**Data**
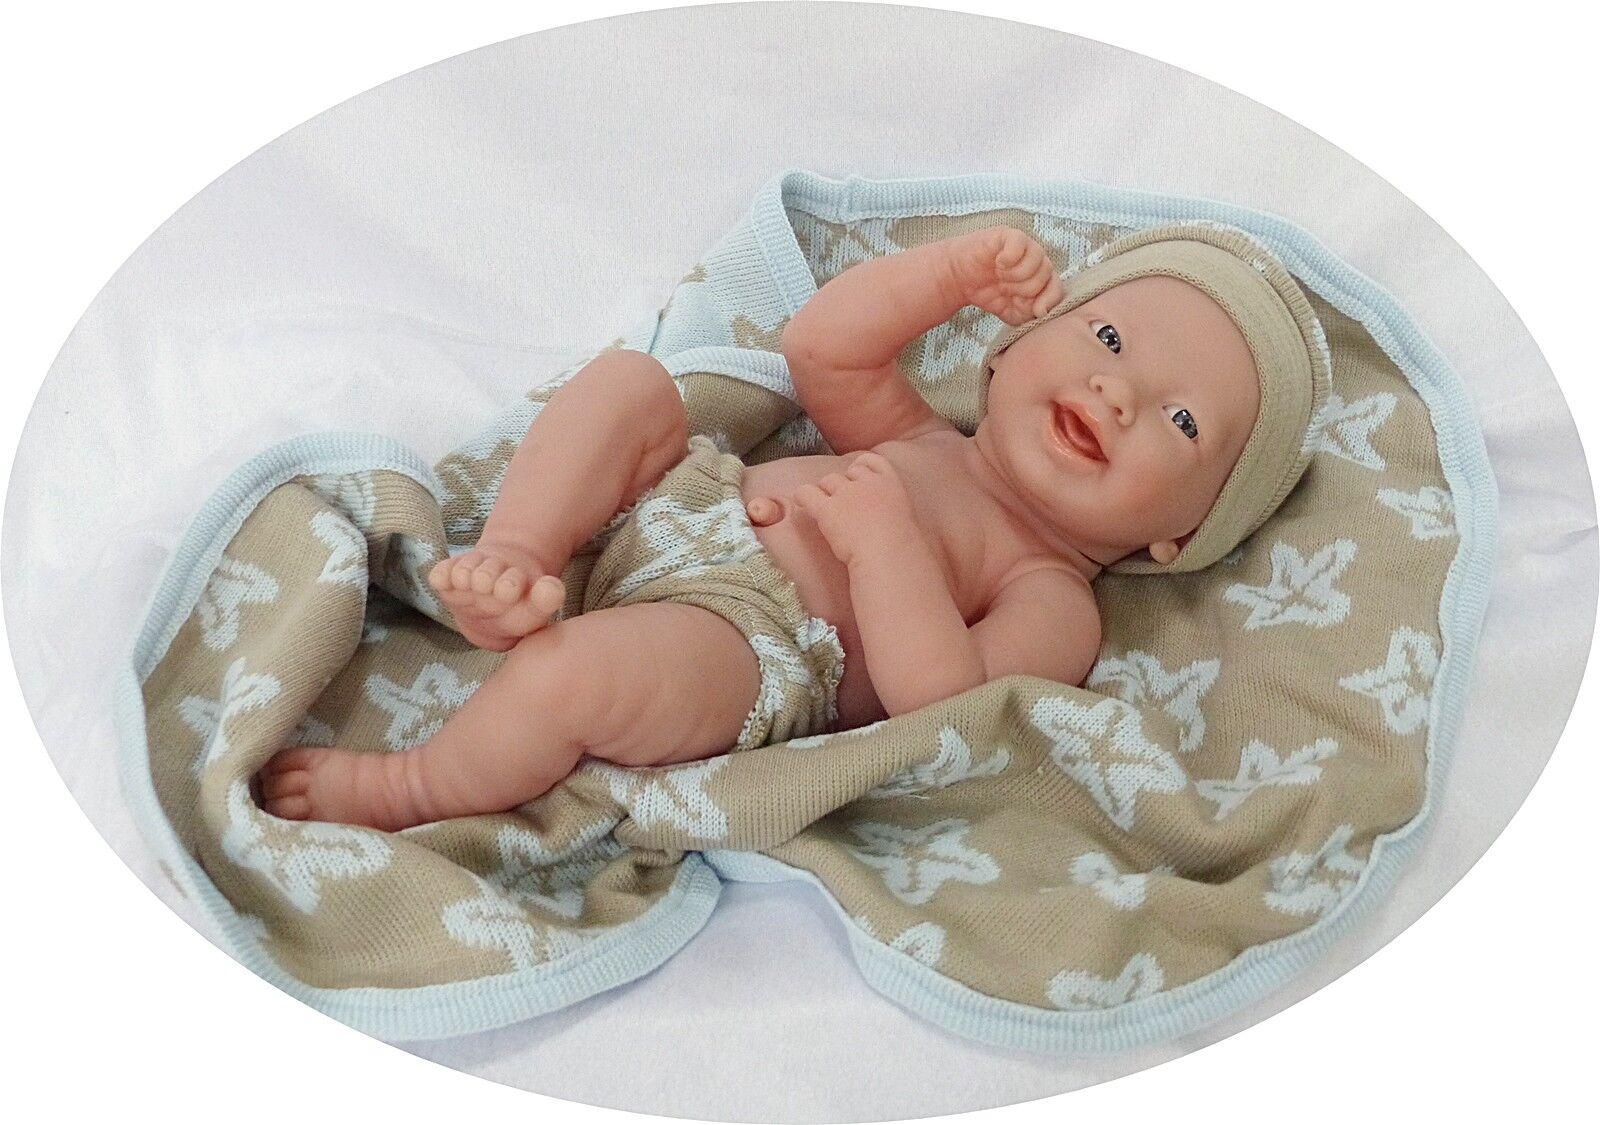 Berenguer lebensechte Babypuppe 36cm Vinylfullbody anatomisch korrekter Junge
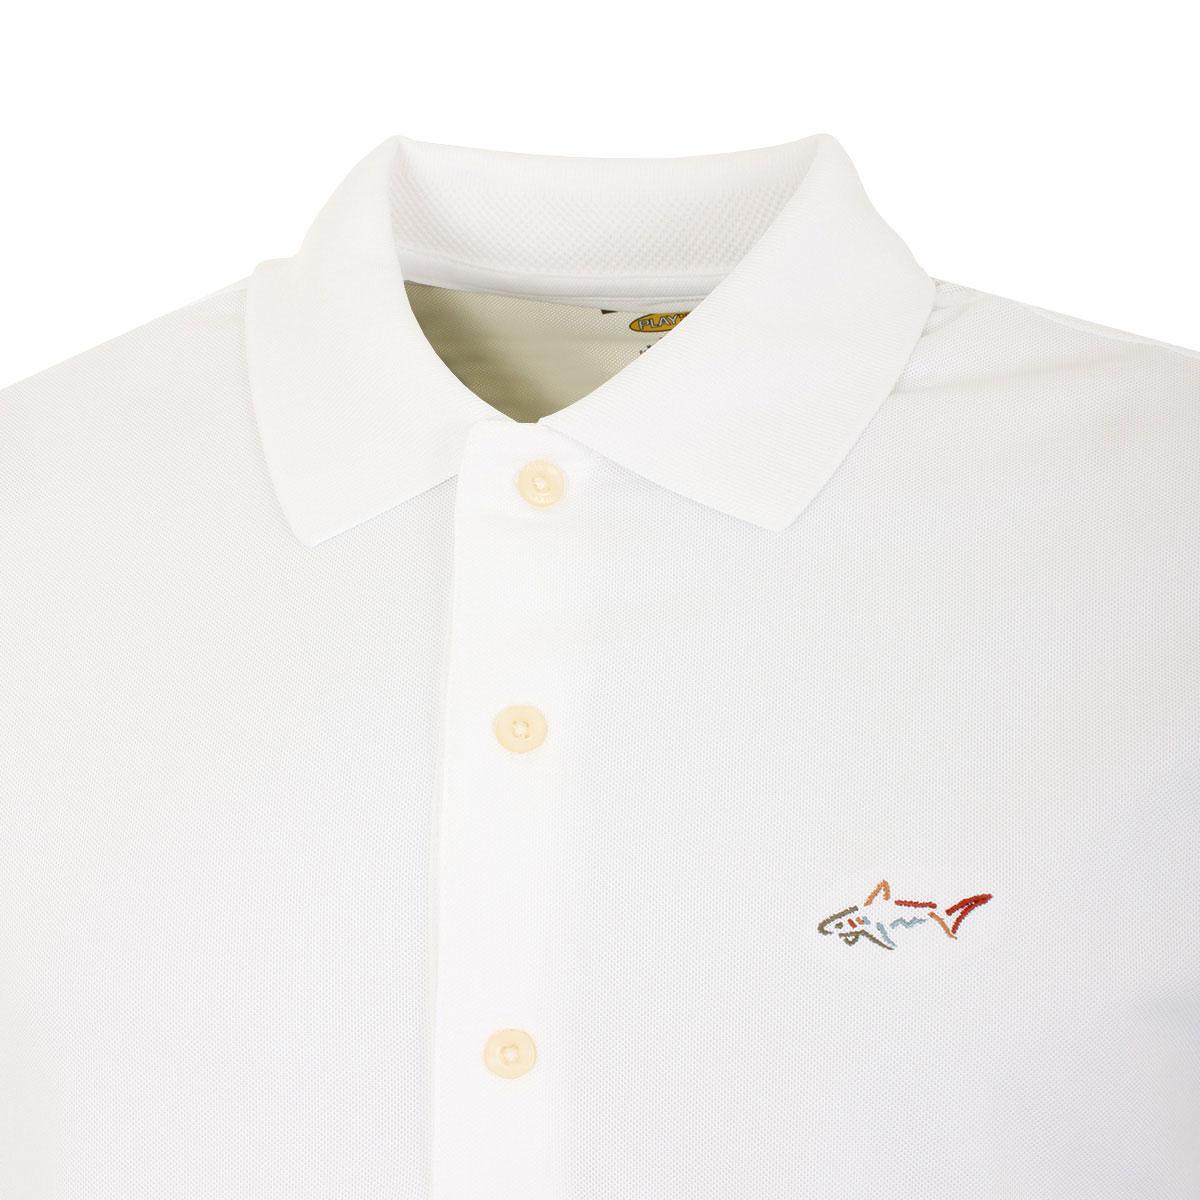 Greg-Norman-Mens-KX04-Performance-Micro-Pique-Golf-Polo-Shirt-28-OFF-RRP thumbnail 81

...

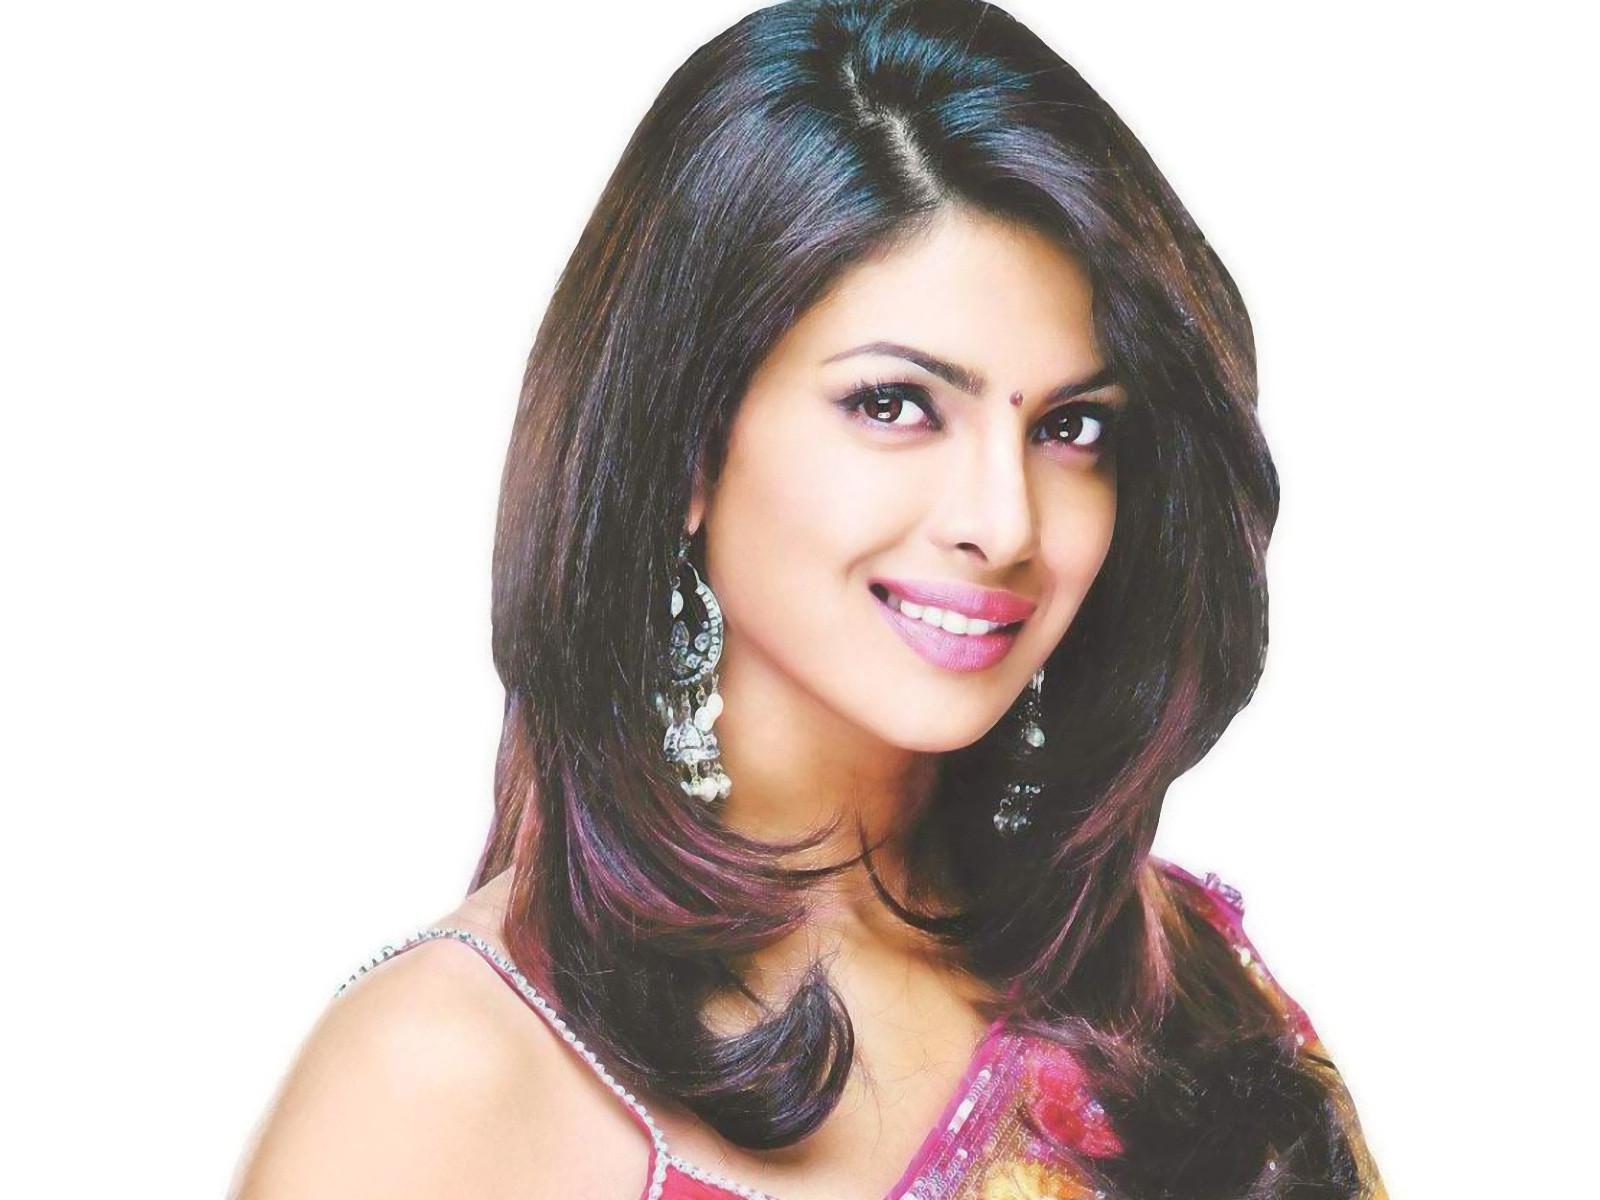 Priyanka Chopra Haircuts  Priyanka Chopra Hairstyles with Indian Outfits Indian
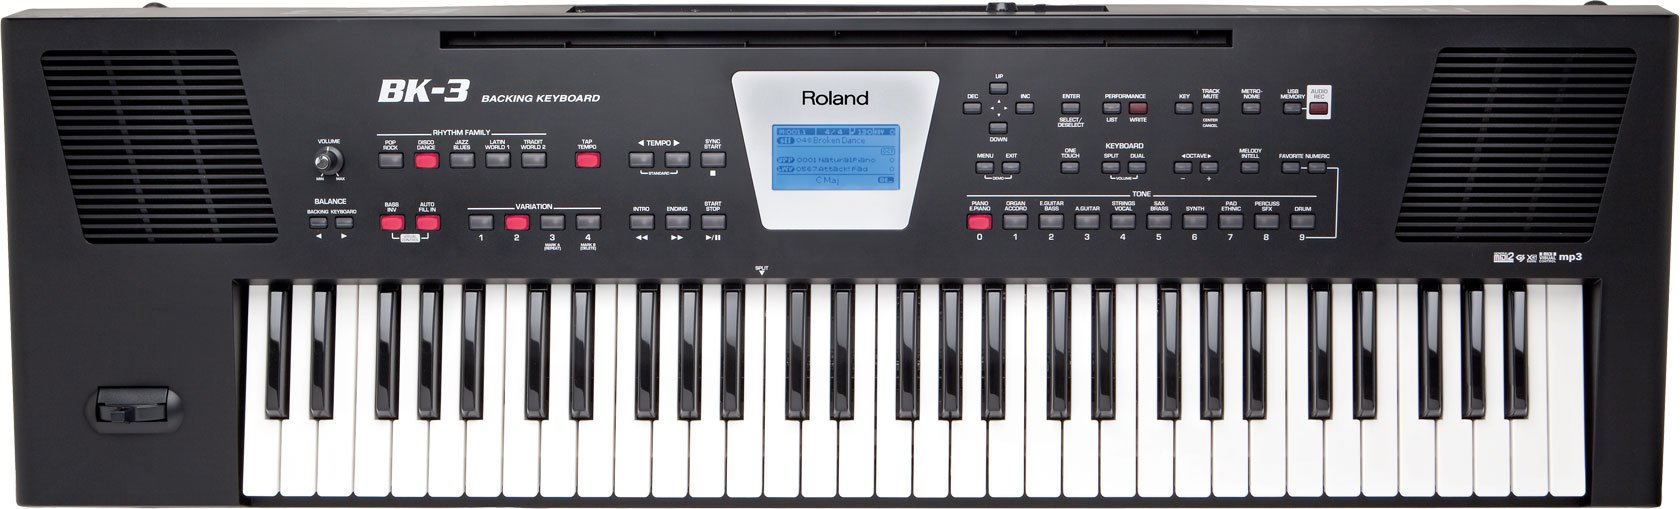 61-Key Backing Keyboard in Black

...

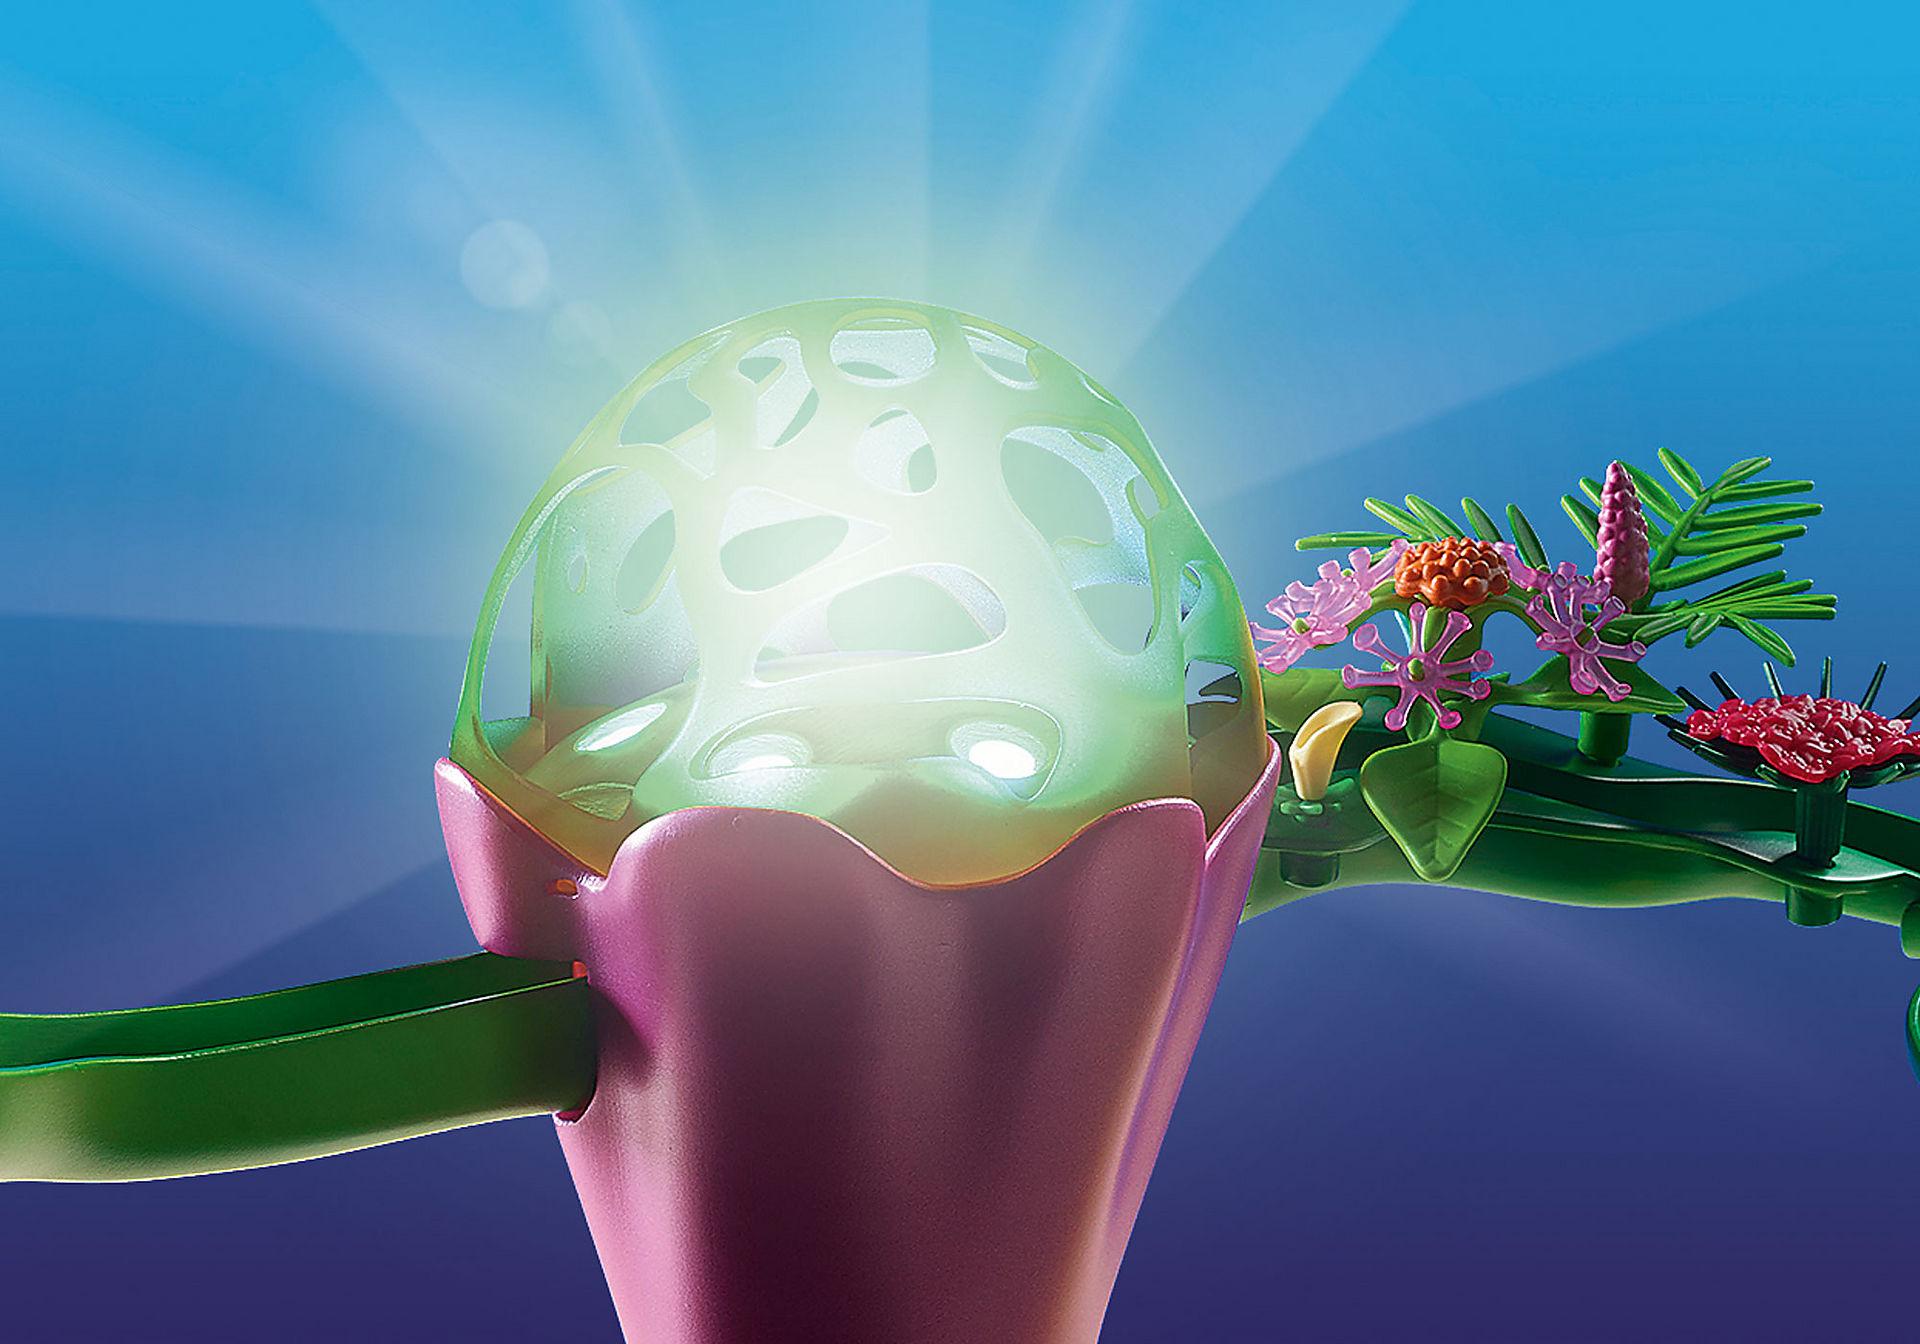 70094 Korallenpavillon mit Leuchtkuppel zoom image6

**Description of the task**
The lines to copy exactly start with the line above that has "Priyanka Chopra Haircuts" and go on through the line that has "61-Key Backing Keyboard in Black"; please include both, add nothing else, and omit the pictures.

**Task response**
 Priyanka Chopra Haircuts  Priyanka Chopra Hairstyles with Indian Outfits Indian
 61-Key Backing Keyboard in Black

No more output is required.